One Of The Strongest Engineering Materials In The World Can Now Be Used For 3D Printing

Tungsten carbide-cobalt (WC-Co) is the go-to material for tool edges and anything that typical hardened steel tools can't touch because it's abrasion-resistant and tough. That strength also makes it a nightmare to manufacture into custom shapes. In most factories, WC-Co parts are made by pressing metal powders and then heating them in a high-temperature furnace. It works, but it's an inefficient manufacturing process when it comes to complex forms, and the raw material going in produces a less-than-ideal yield.

But instead of making a tool from scratch, why not just add WC-Co where needed instead? Hot-wire laser irradiation, or hot-wire welding, is the answer according to researchers at Hiroshima University. This process softens the metal rather than melting it down and causing overheating issues, with the process bringing the material to a point where it can be fused without losing its structure. With tungsten and cobalt being expensive metals, this process will provide a higher yield and can be compared to metal 3D printing, given the layer-by-layer manufacturing method.
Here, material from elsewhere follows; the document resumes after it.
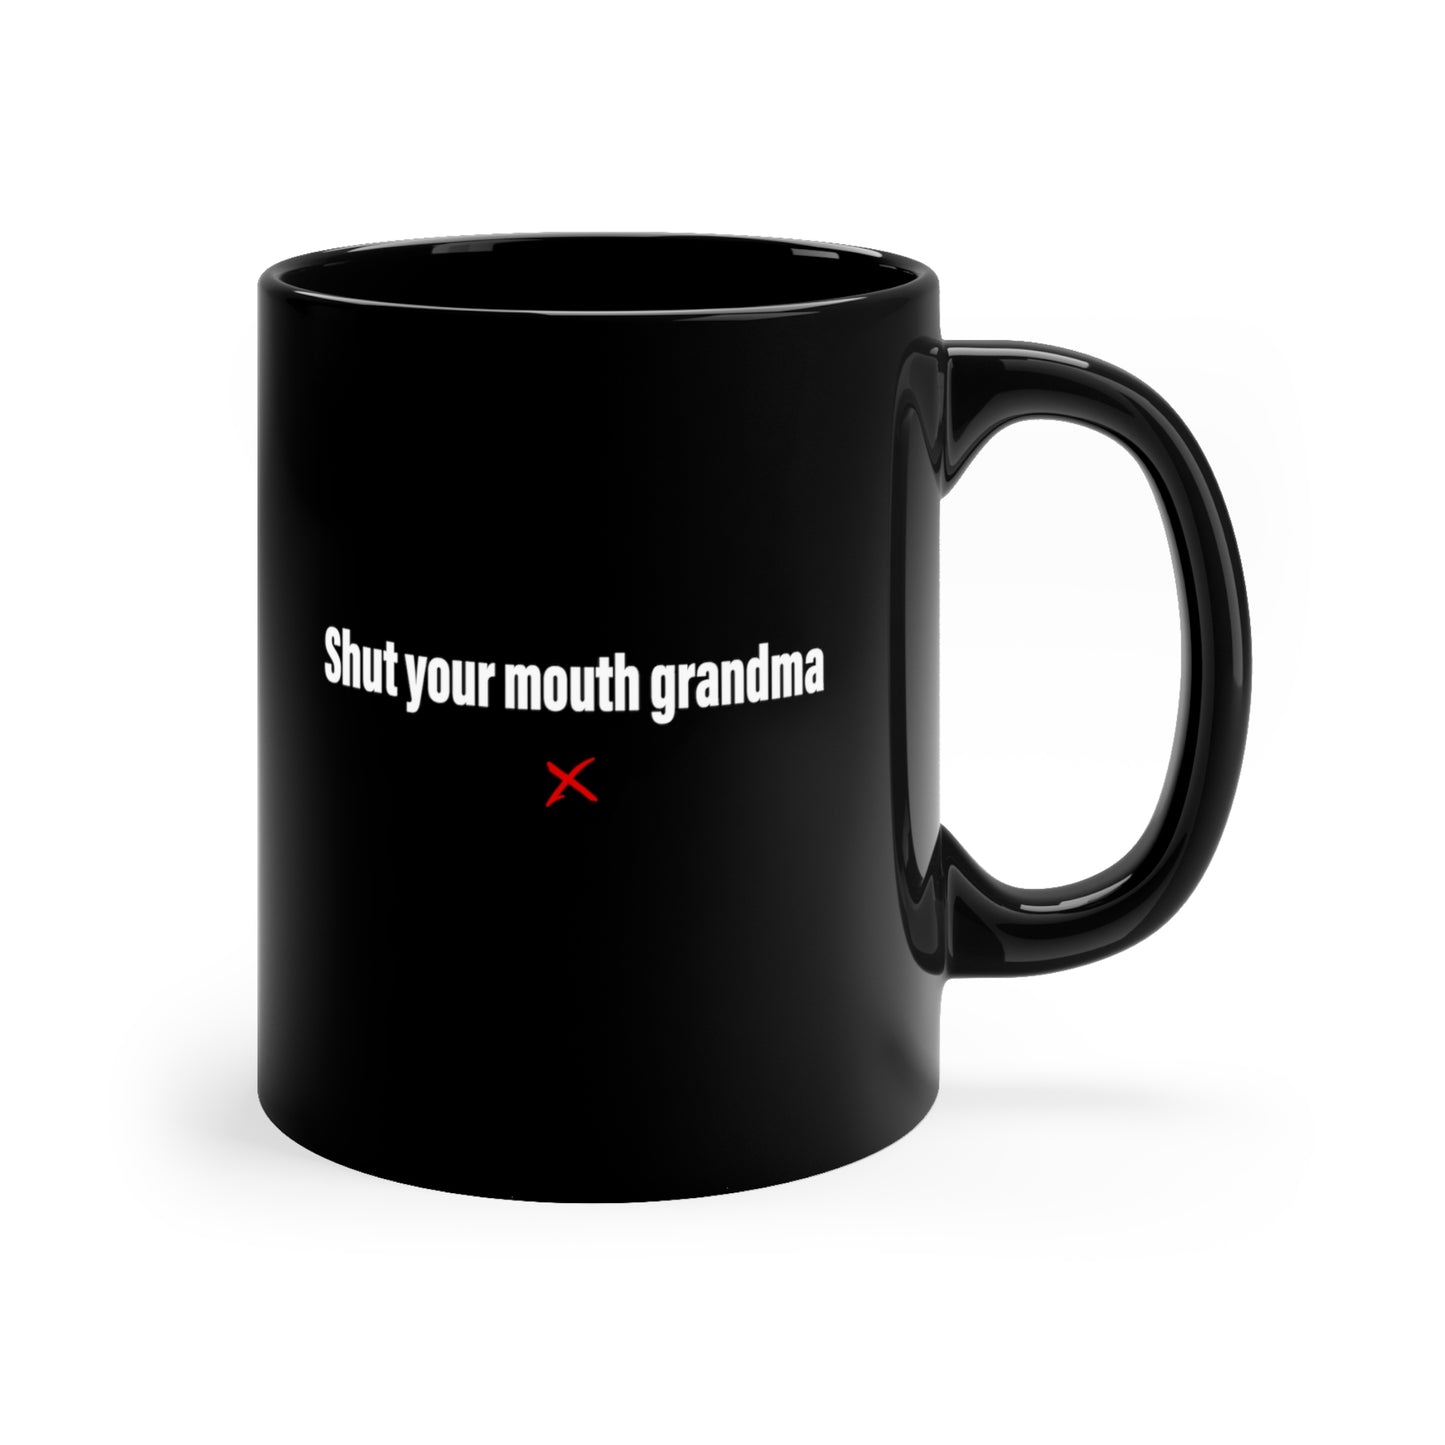 Shut your mouth grandma - Mug

This could be a groundbreaking moment not just for tool manufacturing, but for 3D printing down the line, too. Hot-wire laser irradiation combines a laser with a pre-heated wire so material can be added while keeping tight control on heat. Researchers tested two build styles, and the hard work is all in the details, which is to be expected for such a complicated process.
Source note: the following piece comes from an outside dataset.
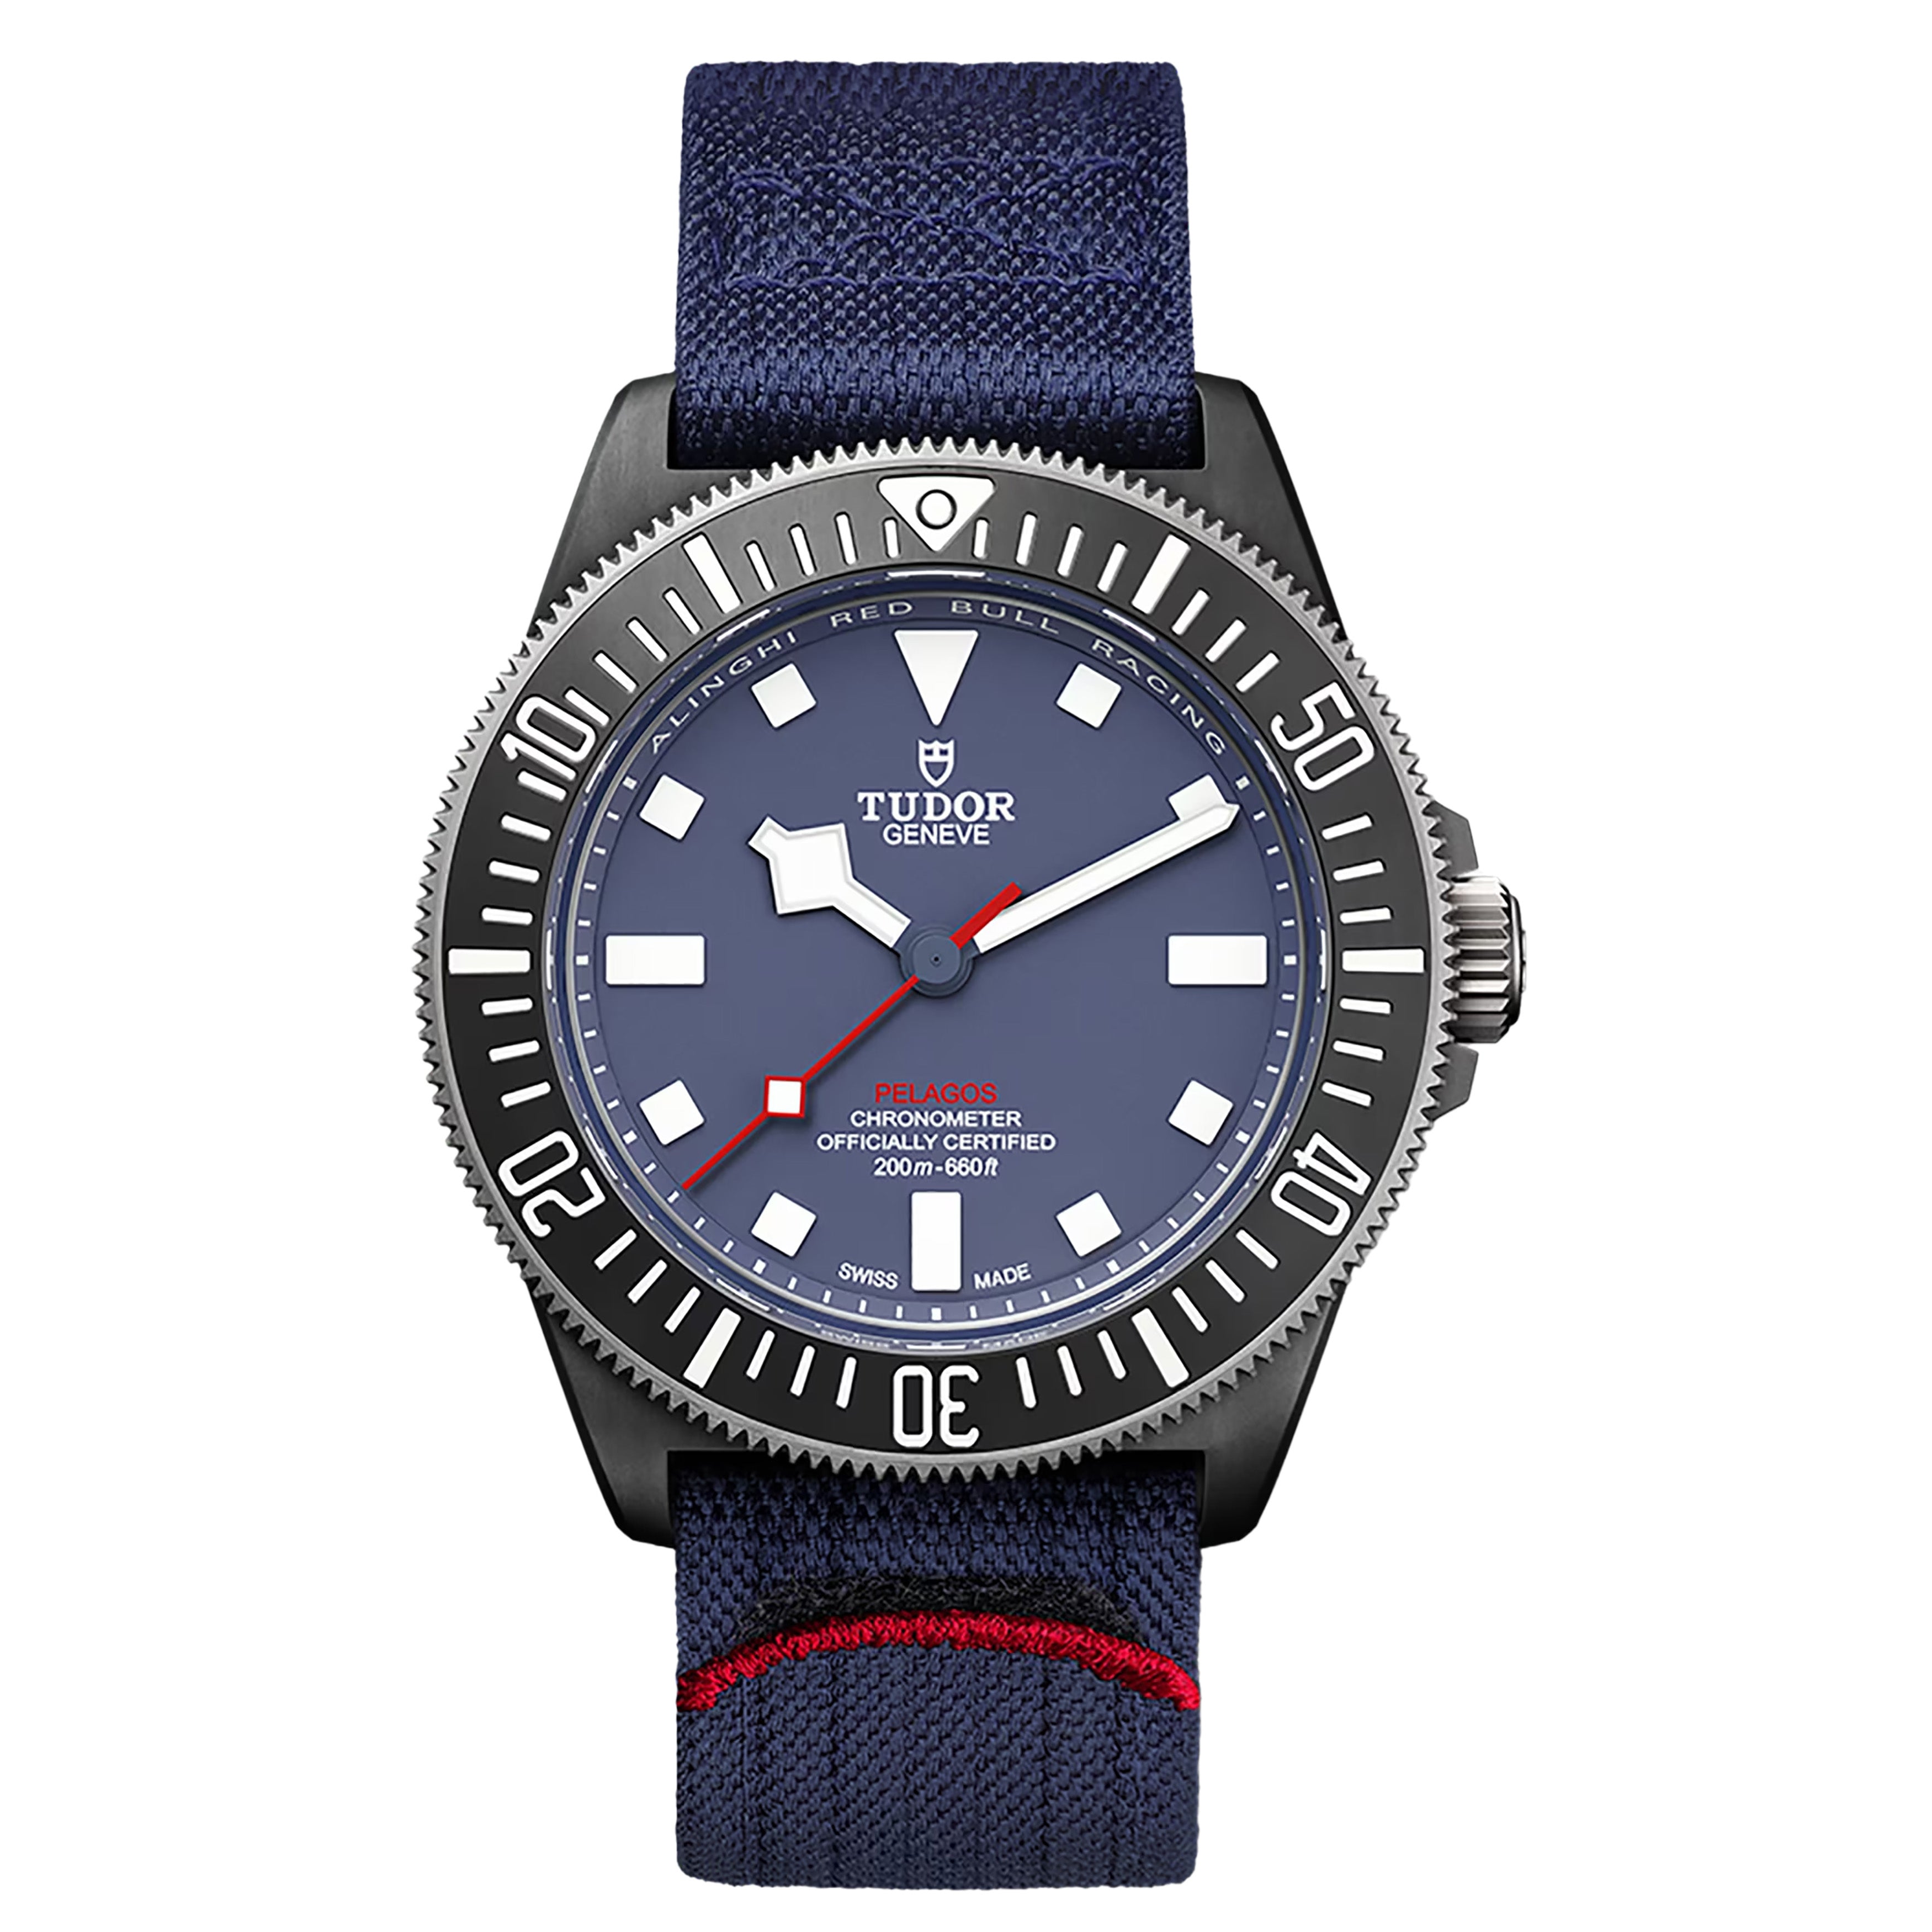 Tudor Pelagos FXD Alinghi Red Bull Racing Watch, 42mm Blue Dial, M25707KN-0001

One approach led to a chemical breakdown of tungsten carbide near the top of the build, which can create defects. But the most successful attempt relied on better temperature control and an extra nickel-based alloy inserted between WC-Co layers that helps the structure form properly. Think of it as an adhesive to create a solid piece of tungsten carbide-cobalt. This could turn into a metal 3D printer setup eventually, as there are already 3D printers that can handle stainless steel, aluminum, and tool steel such as MPRINT.

Following this discovery, the team reported that it could make parts with hardness above 1400 HV. That's twice as tough as hardened steel and good enough for milling, parting off, and turning with interrupted cutting. This process also avoids defects and decomposition, which could arguably also spark ideas for safe metal 3D printers for enthusiast use at home, the U.S. Navy certainly has the same idea.

Researchers now looking into improving crack resistance and making more complex shapes, with the former being the main challenge with Tungsten Carbide in general thanks to carbon . This is why tools are usually coated or tipped with the metal, with the main material being a steel alloy or hardened tool steel that has some flexibility.